Records of Admiral Robert Fairfax
The catalogue for the Records of Admiral Fairfax can be viewed on Borthcat
The Borthwick may not be a place you’d expect to find 17th and 18th century naval records but thanks to the Yorkshire origins of the Fairfax family the records of Admiral Robert Fairfax are split between York and the National Maritime Museum at Greenwich. The two boxes of logbooks, naval orders and papers have been chosen as an example of the Borthwick’s many hidden treasures, which in this case have made their way to our strongrooms from the wooden cabin of an 18th century ship.
Robert Fairfax was born in 1666 and went to sea at the age of 15. His family were Yorkshire gentry, his grandfather William was cousin to Sir Thomas Fairfax, Parliamentary Commander-in Chief during the English Civil War. The young Fairfax was promoted to lieutenant of the ship Bonaventure in 1688 and saw action at the relief of Londonderry in 1689 and the Battle of Beachy Head in 1690, the same year he was given command of the Conception. The ships’ logbooks and papers which survive at the Borthwick date from 1695 onwards when Fairfax, now an experienced captain, patrolled home waters, the Bay of Biscay and the coast of Spain, carefully recording locations, weather conditions and noteworthy events aboard ship. The archive includes the dramatic events of 1704 when Fairfax, as commander of the Berwick, was court martialed along with six other captains for their failure to capture a French squadron off the Spanish coast. All were fully acquitted and Fairfax went on to fight at the capture of Gibraltar and Barcelona, and at the battle of Malaga where his ship, the Berwick, had her masts, rigging and sails destroyed in the fighting.
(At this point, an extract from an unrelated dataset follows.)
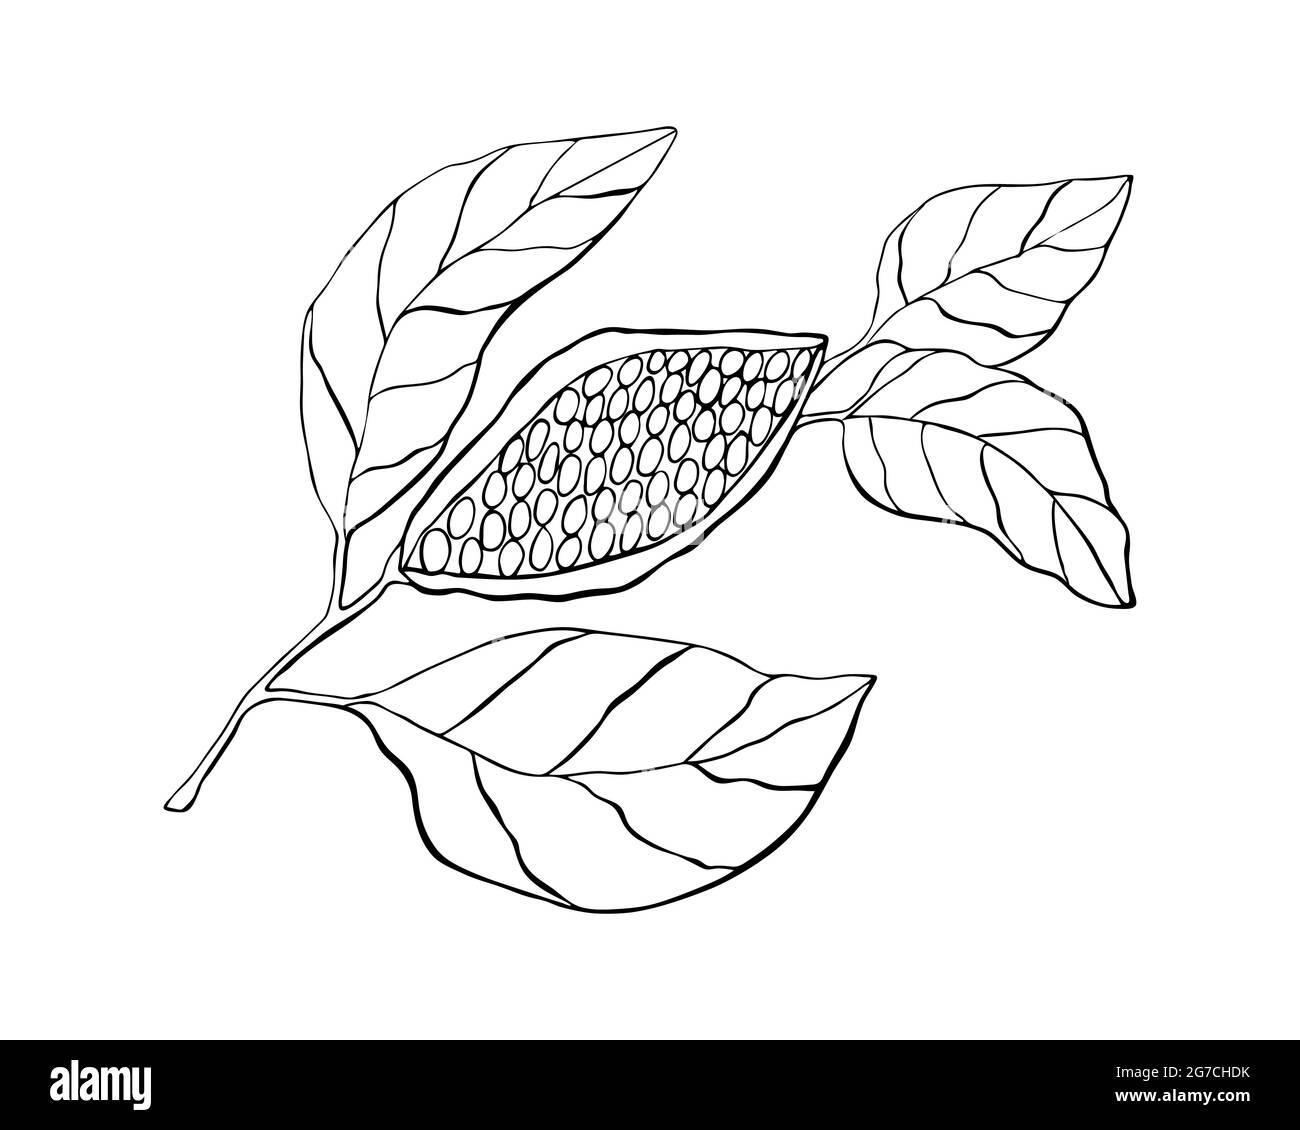 Kakaopflanze mit Früchten und Blättern, Handzeichnung, Kritzelei, schwarze Umrisslinie, isoliert auf weißem Hintergrund. Vektorgrafik Stock Vektor

In 1707 Fairfax was made a Rear Admiral following the death of the magnificently named Sir Cloudsley Shovell, but the promotion was eventually given to Lord Dursley who had more influential connections. Disillusioned with the service, Fairfax subsequently retired from the navy and returned to Yorkshire where he swapped the sea for politics as MP and Lord Mayor of York. He died in 1725. You can find other papers relating to his life and career on the National Maritime Museum catalogue.